Information supplied>
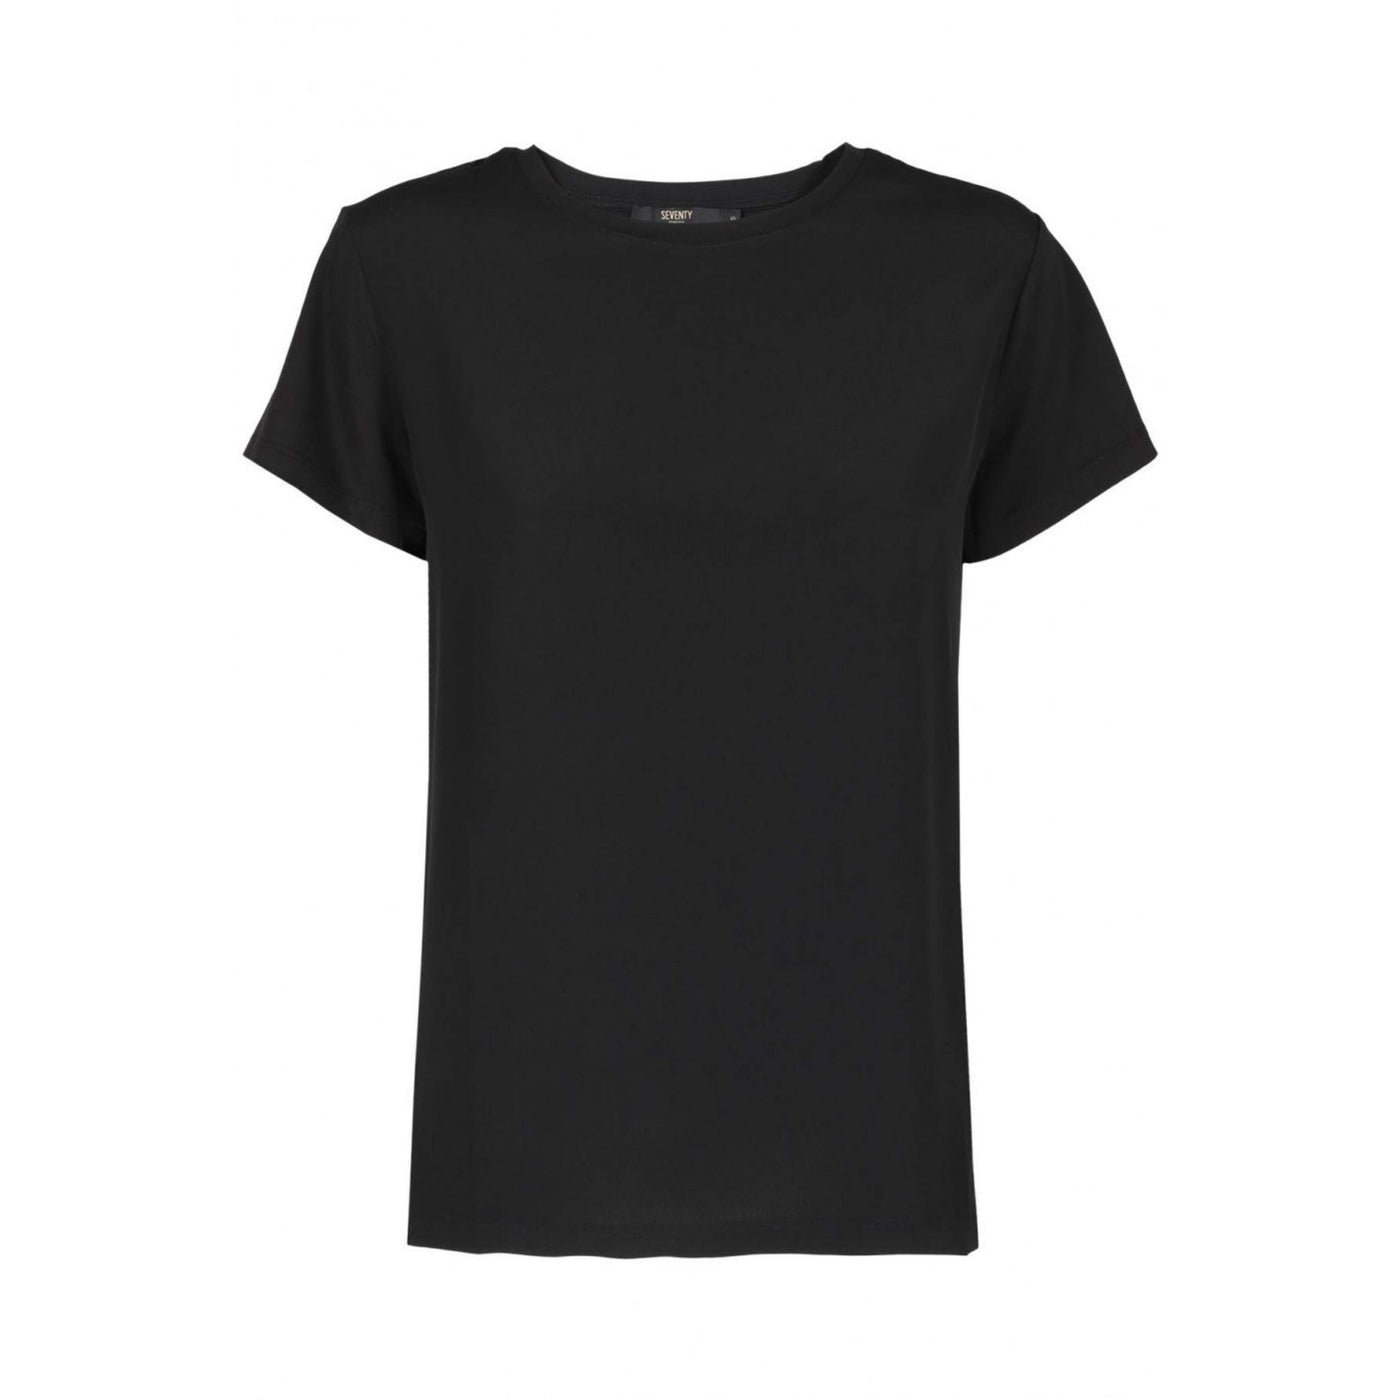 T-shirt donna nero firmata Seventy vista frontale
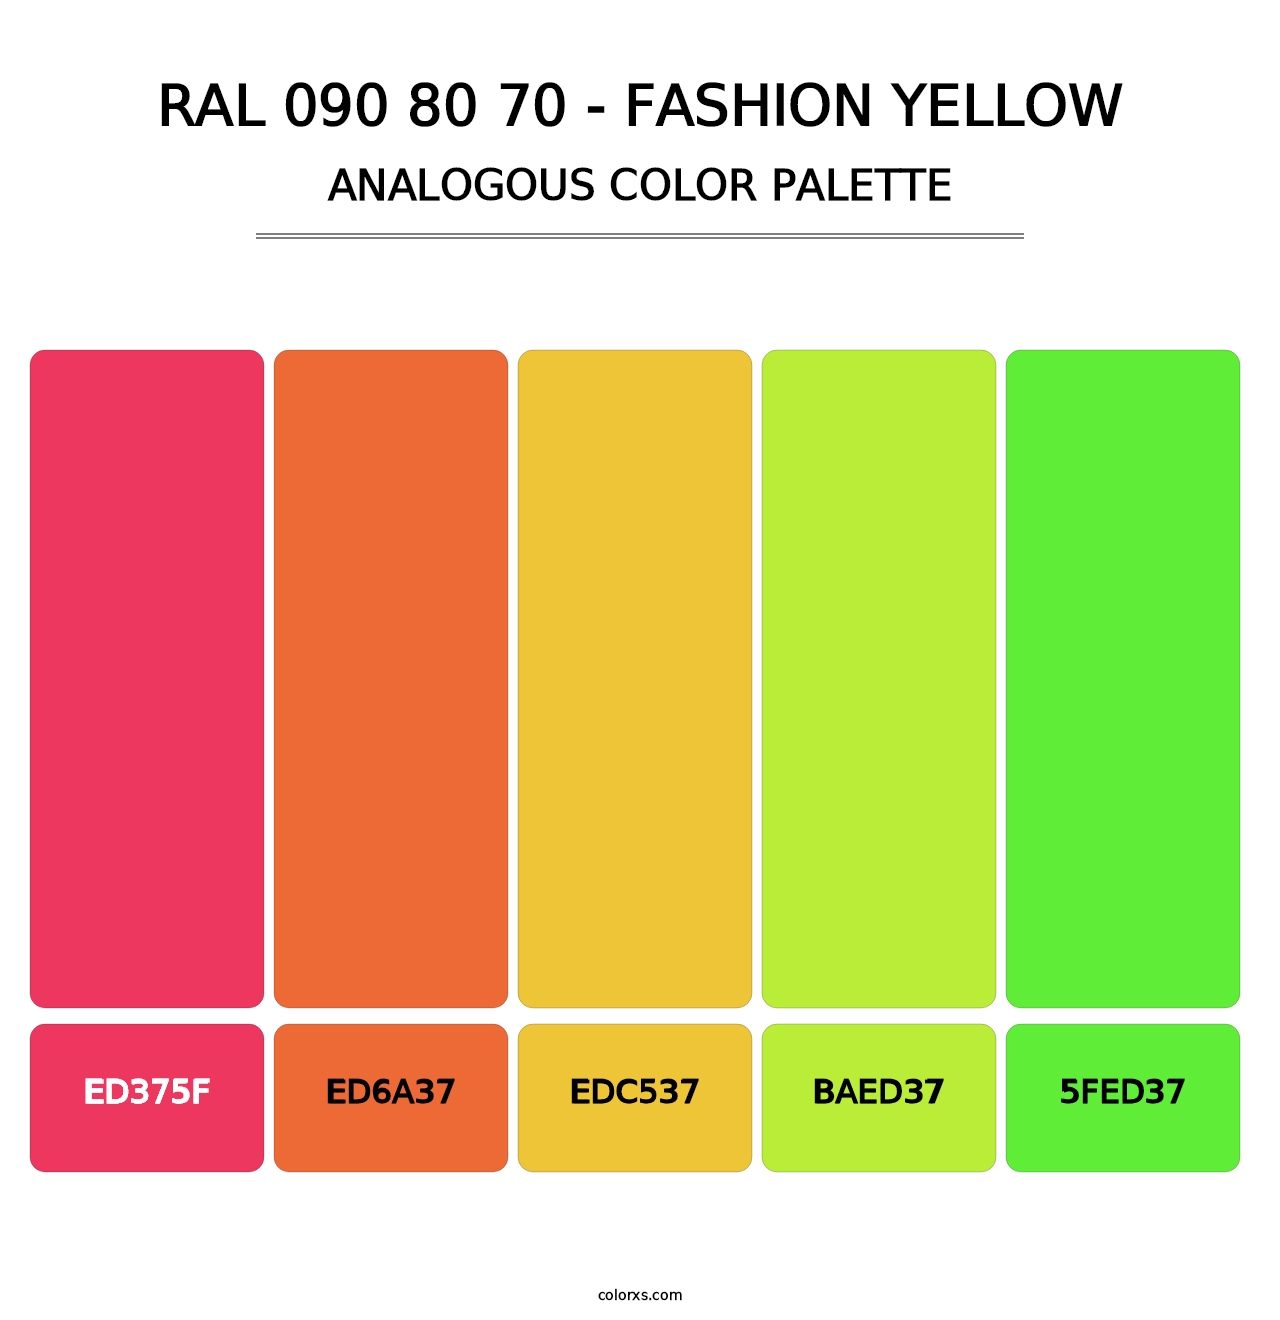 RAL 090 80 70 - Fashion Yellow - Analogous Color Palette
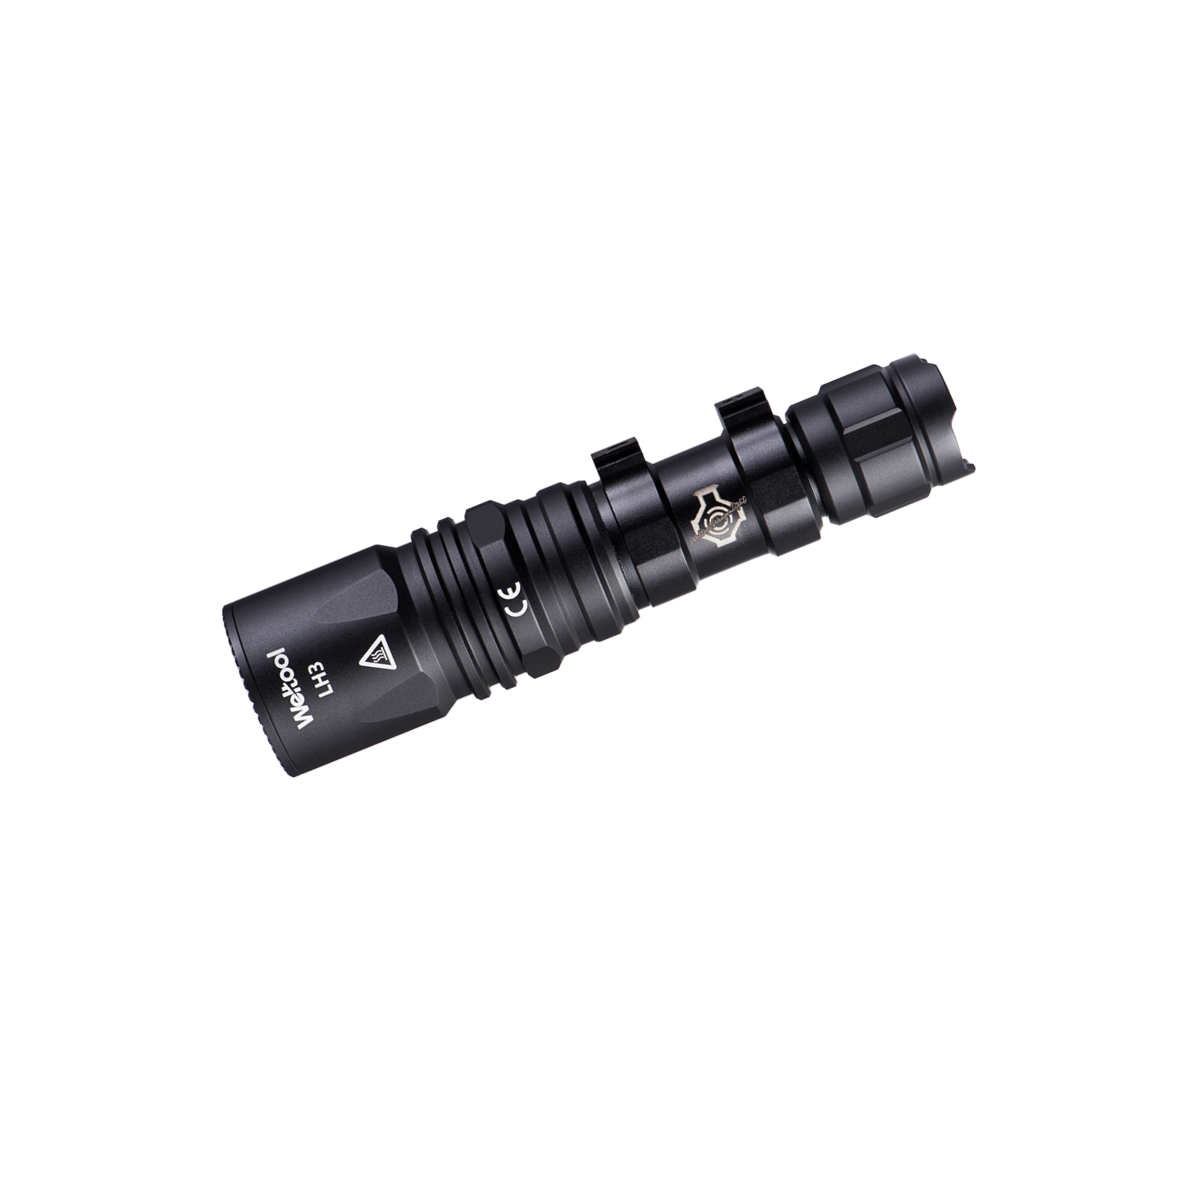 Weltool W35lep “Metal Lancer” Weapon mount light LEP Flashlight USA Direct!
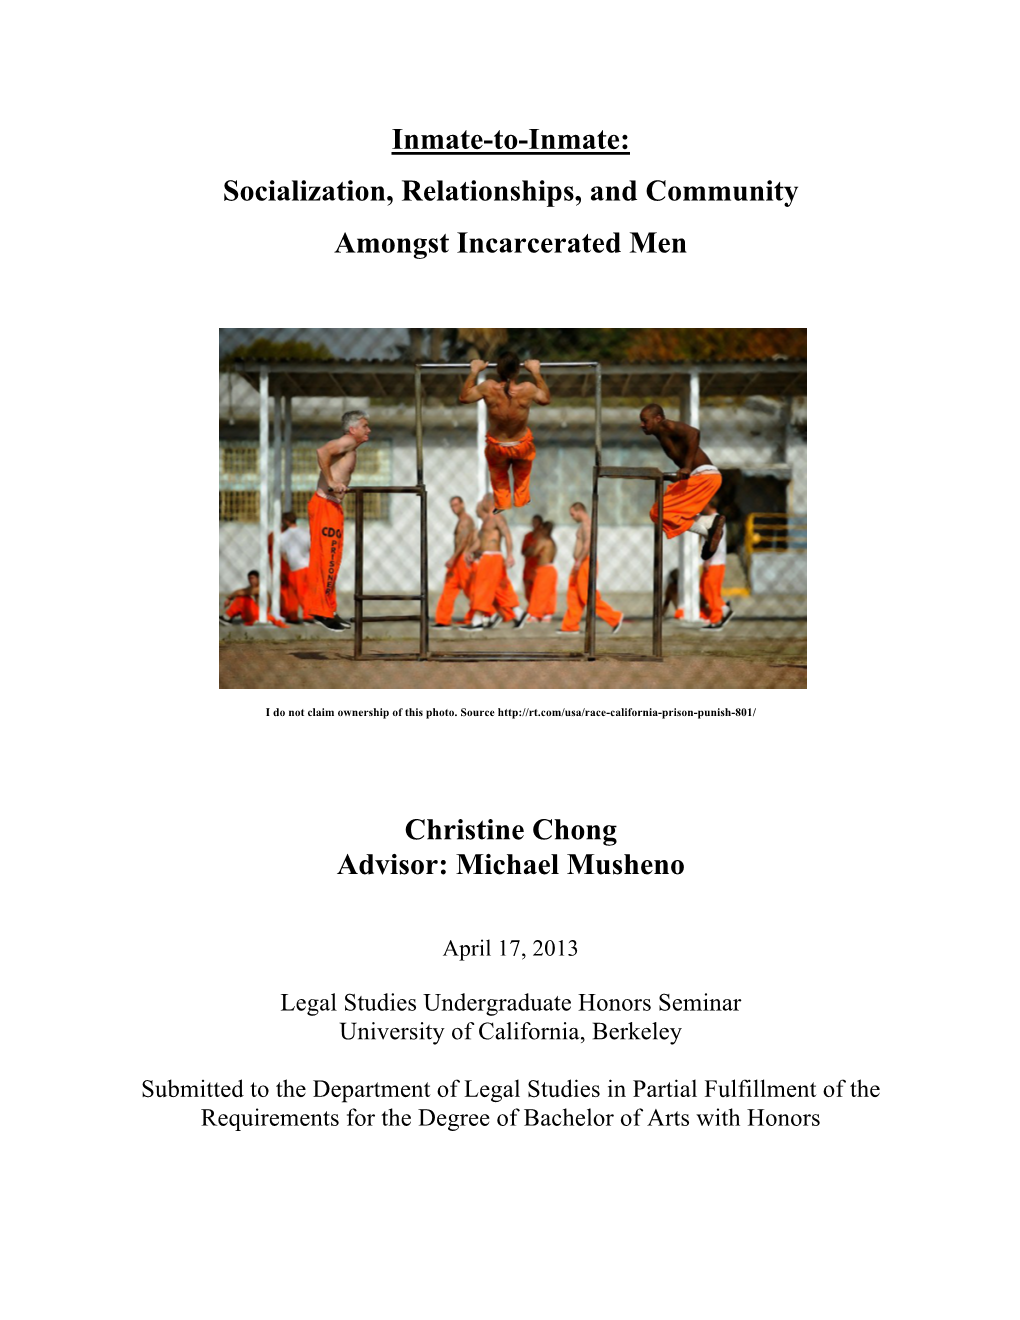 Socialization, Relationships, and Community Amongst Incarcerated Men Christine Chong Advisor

What is needed> Repeat the material line for line. Pictures stay out of the copy.

Solution for this problem>
 T-shirt donna nero firmata Seventy vista frontale
 RAL 090 80 70 - Fashion Yellow - Analogous Color Palette
 Weltool W35lep “Metal Lancer” Weapon mount light LEP Flashlight USA Direct!
 Socialization, Relationships, and Community Amongst Incarcerated Men Christine Chong Advisor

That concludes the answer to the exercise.